§ To do: Count the lines in the following data that include "with". Please write only the number.

____ Source information

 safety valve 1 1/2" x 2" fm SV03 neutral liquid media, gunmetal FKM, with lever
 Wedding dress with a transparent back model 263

________
____ Source information

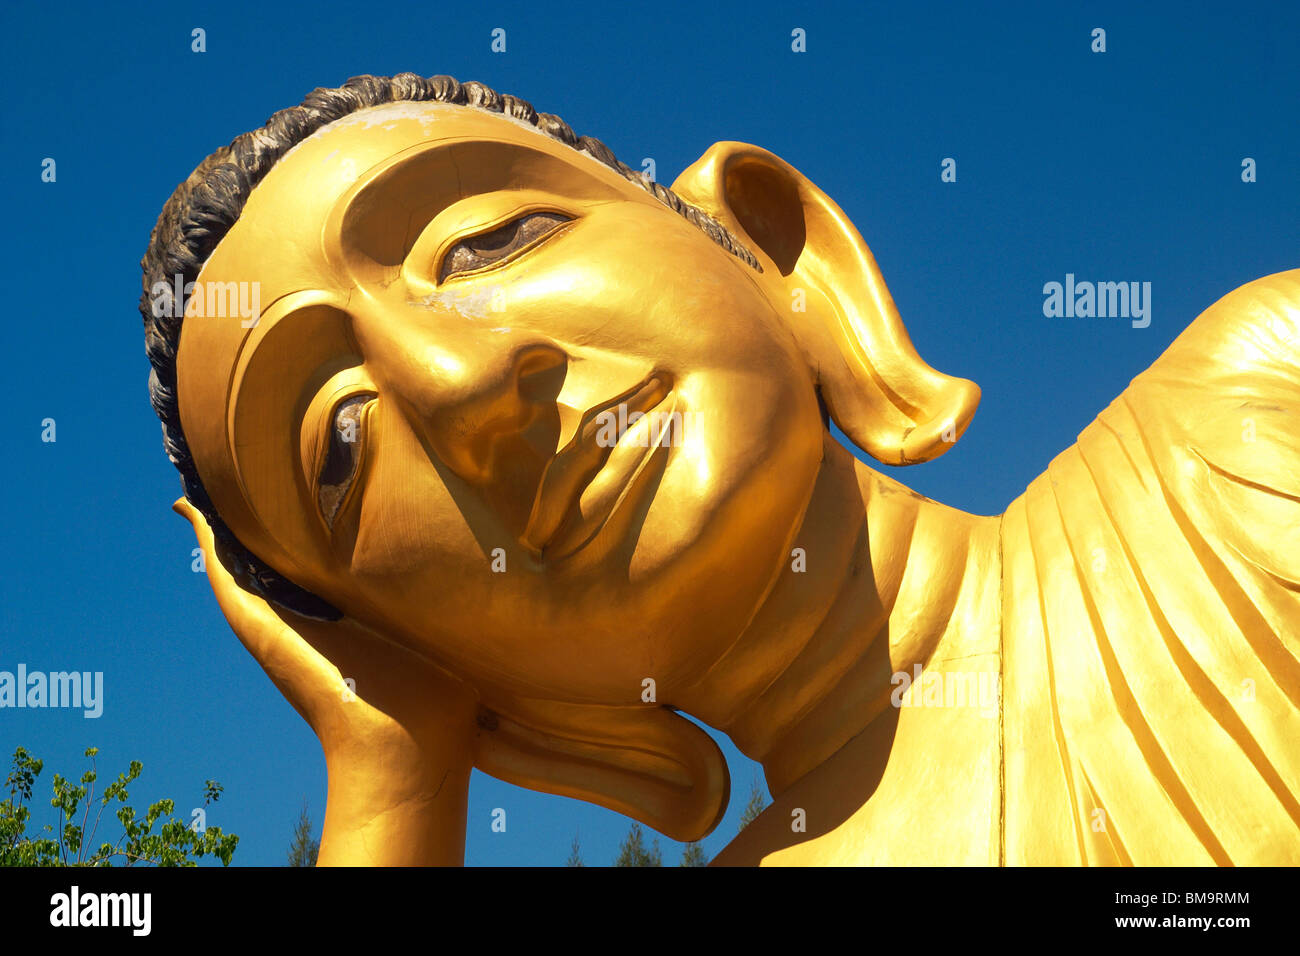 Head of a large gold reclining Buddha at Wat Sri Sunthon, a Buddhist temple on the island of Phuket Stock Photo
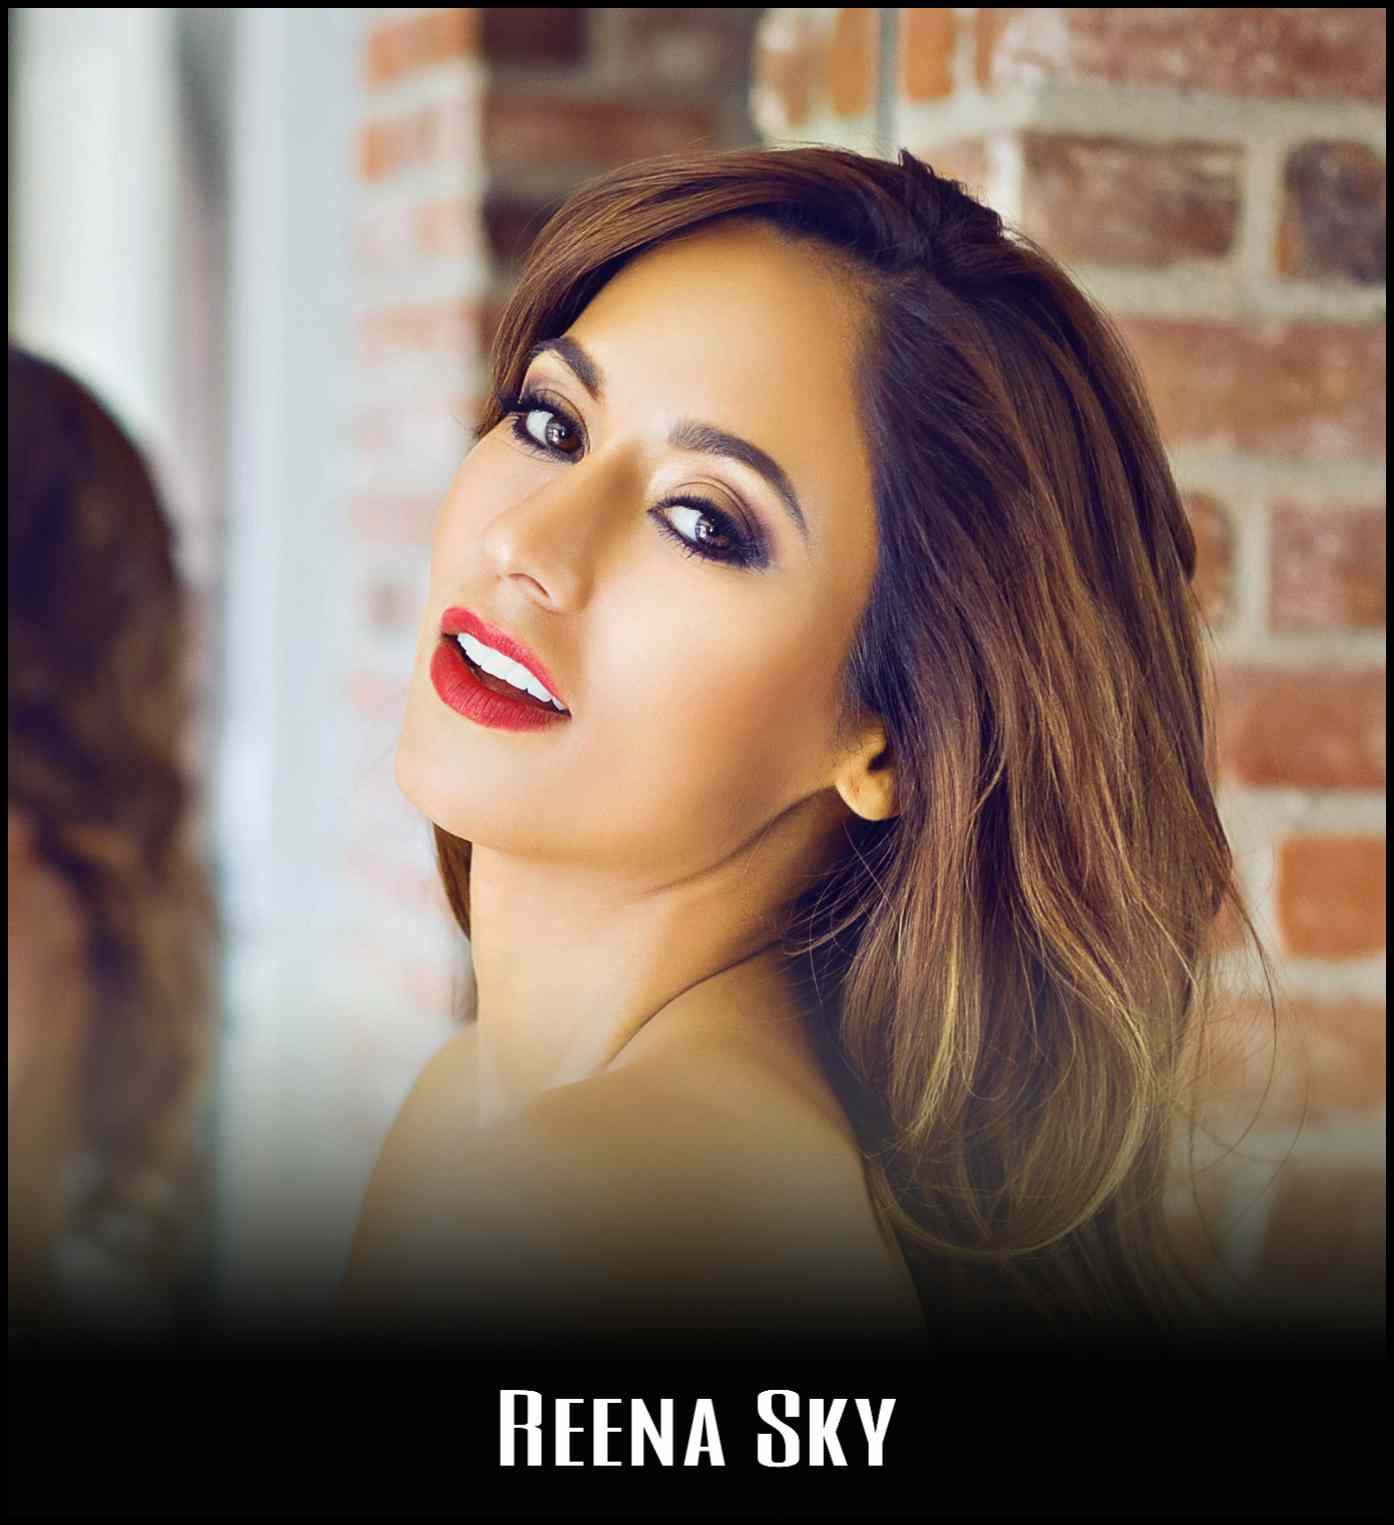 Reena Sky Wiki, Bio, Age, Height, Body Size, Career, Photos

________

§ Response below: 2